Back in March of 2011, the EPA said they wouldn’t be forcing anyone to switch from coal to natural gas, but with this new rule, they have accomplished their long term goal of making coal extinct. In 2008, a candid candidate Obama said that “if somebody wants to build a coal plant, they can, it’s just that it will bankrupt them…” Since coming into office, President Obama and his radical EPA have been trying to eliminate out coal fired plants with regulations like the Utility-MACT.

CEI’s Marlo Lewis explains how the EPA deems natural gas to be an appropriate power source but effectivley bans coal-fired power.

The Carbon Pollution Standard may be among the weirdest regulations ever proposed. This dubious distinction is no doubt related to the fact that the EPA is attempting to regulate GHGs through a statute neither designed nor intended for that purpose. The proposal is bizarre in at least five ways.

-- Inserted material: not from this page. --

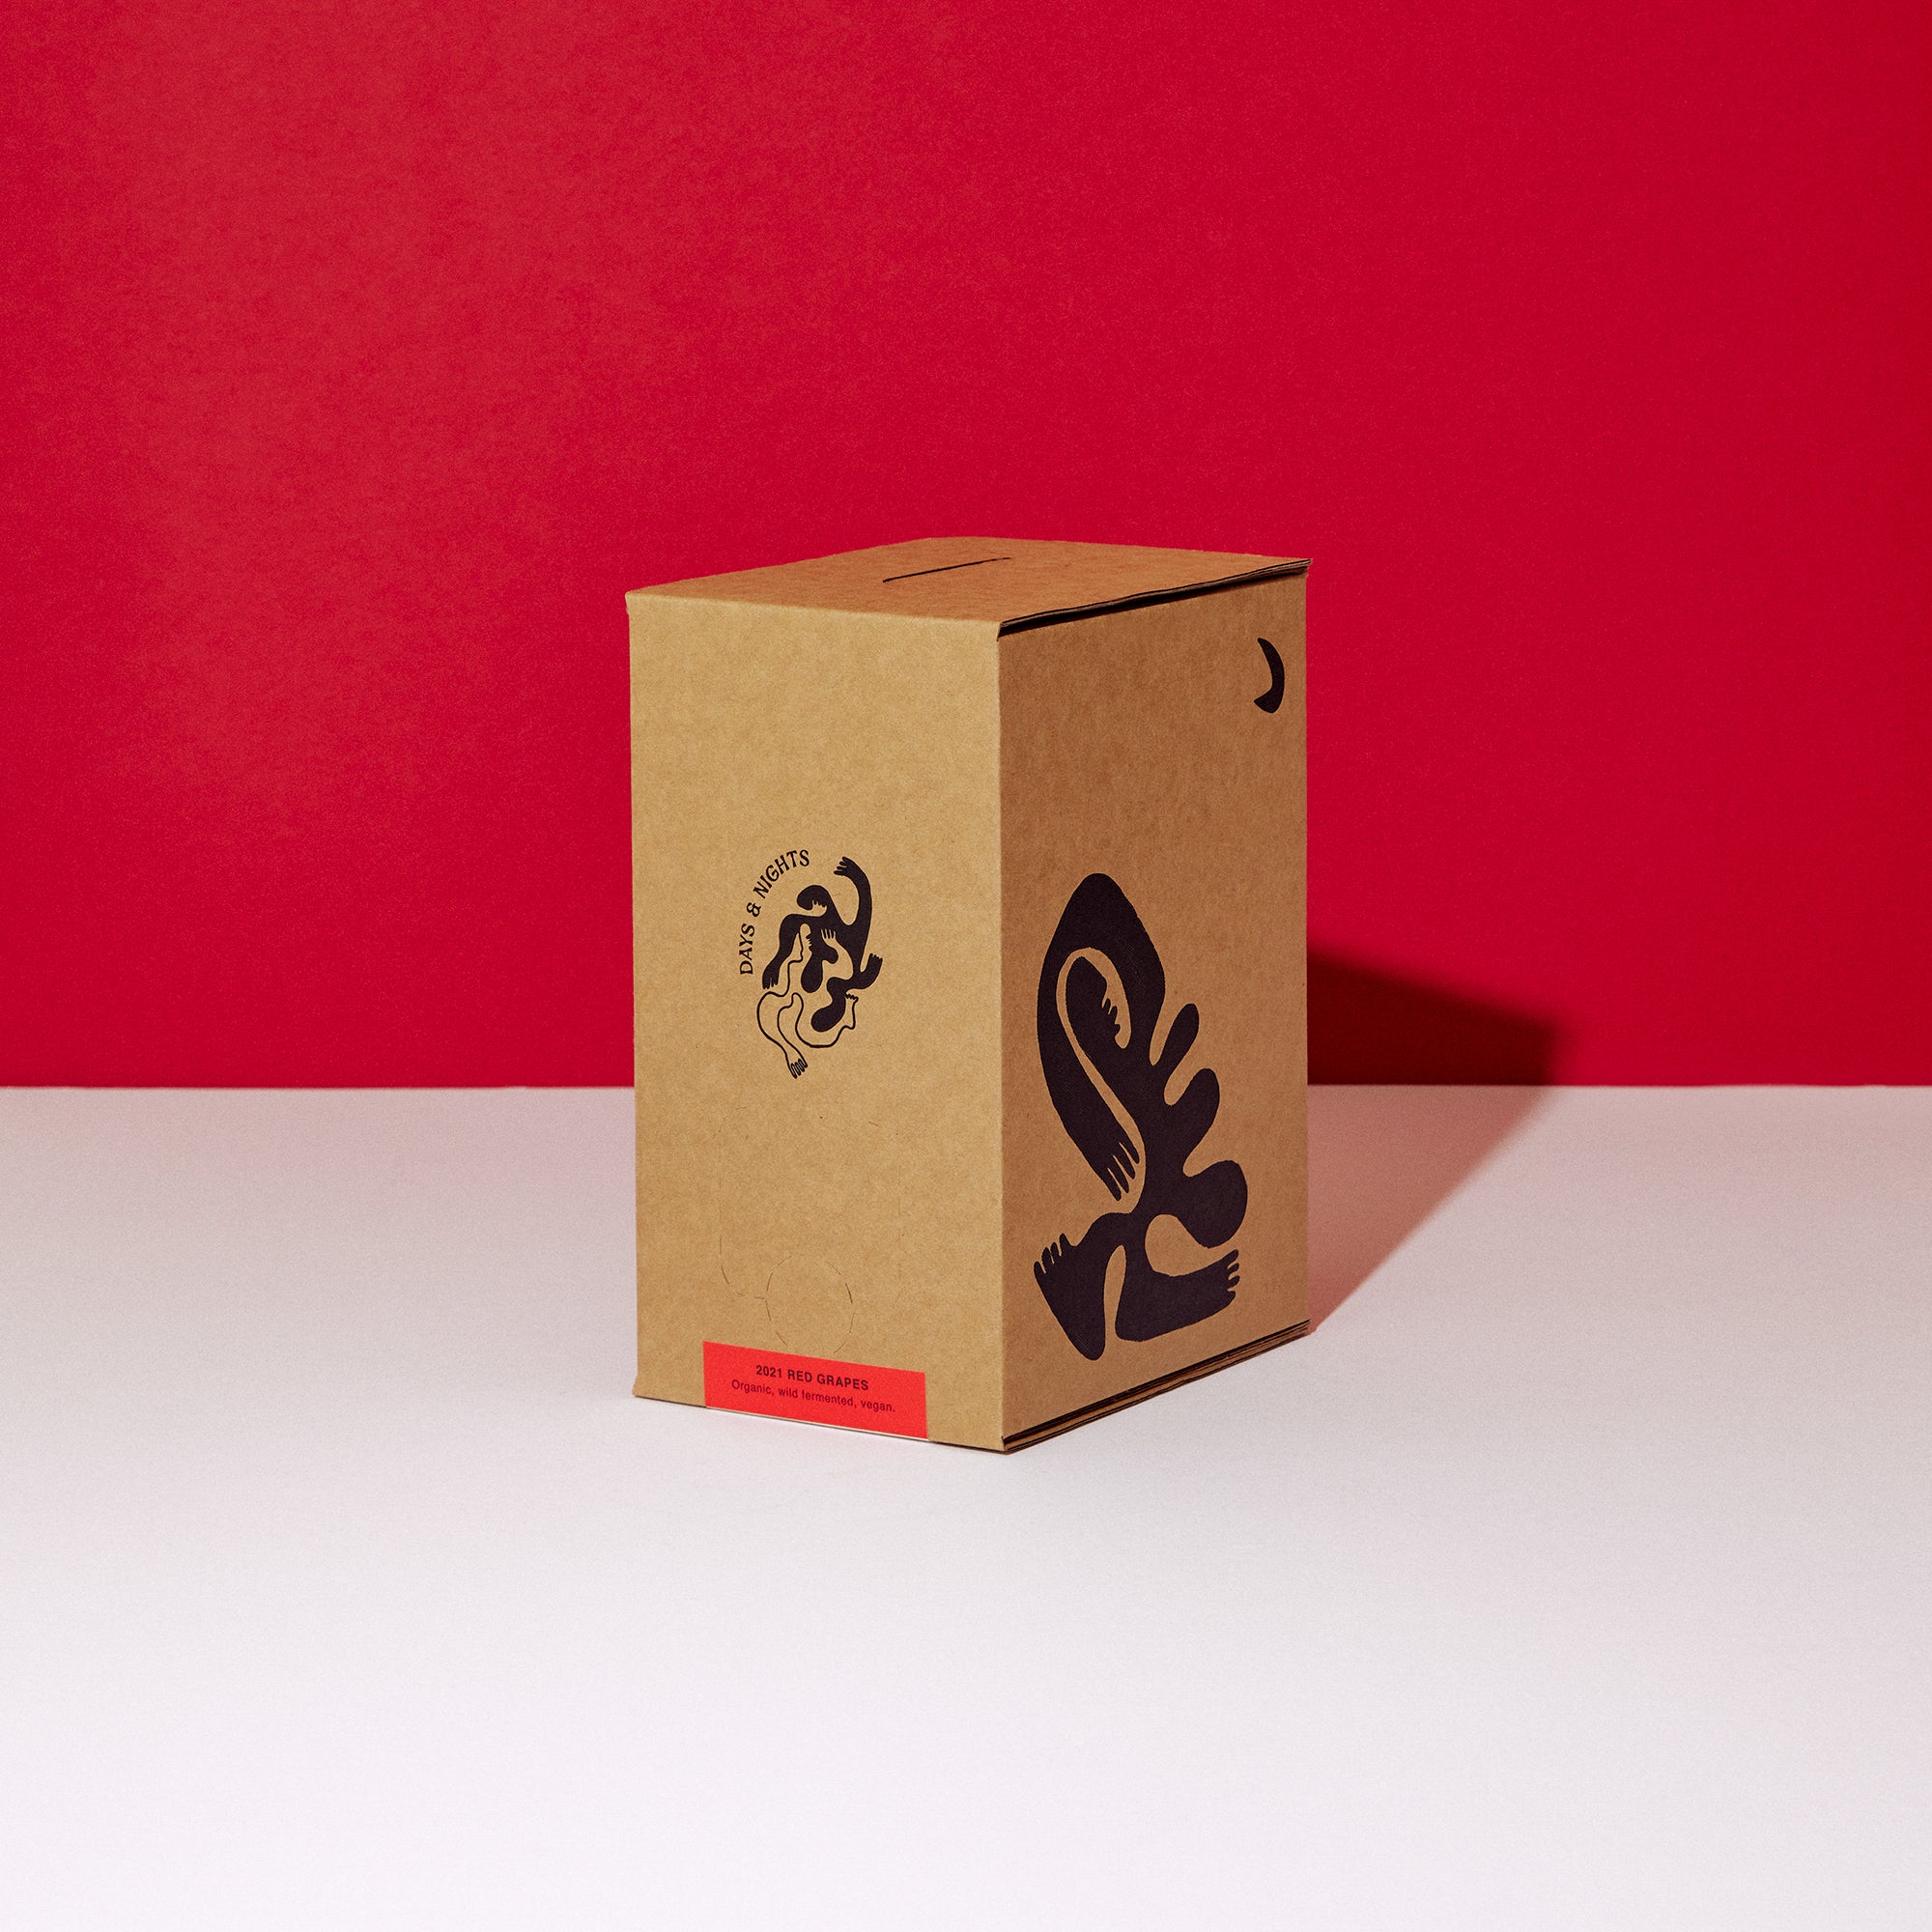 HOW IT STACKS UP: The sustainability of boxed wine.

(1)    The EPA classifies natural gas combined cycle — a type of power plant — as a “control option” or “system of emission reduction” for coal-fired power plants.

The EPA picked 1,000 lbs CO2/MWh as the “standard of performance” for new fossil-fuel EGUs because that is the “degree of emission limitation achievable through natural gas combined cycle generation.”20 But consider how the CAA defines “standard of performance” *CAA § 111(a)(1)]:

The term “standard of performance” means a standard for emissions of air pollutants which reflects the degree of emission limitation achievable through the application of the best system of emission reduction which (taking into account the cost of achieving such reduction and any non-air quality health and environmental impact and energy requirements) the Administrator determines has been adequately demonstrated.21

Performance standards are supposed to reflect the best “system of emission reduction.” But natural gas combined cycle is not a system of emission reduction. It is a type of power plant. EPA is not proposing that new coal power plants install emission reduction systems that have been “adequately demonstrated.” Rather, EPA is proposing that new coal power plants be new natural gas plants.

The Carbon Pollution Standard is another market distorting regulation that will inevitably increase natural gas consumption, causing the price of the fuel to rise. While America is endowed with enormous natural gas reserves, we have even more coal. It would be wise to develop and utilize both resources, if only the EPA would let us.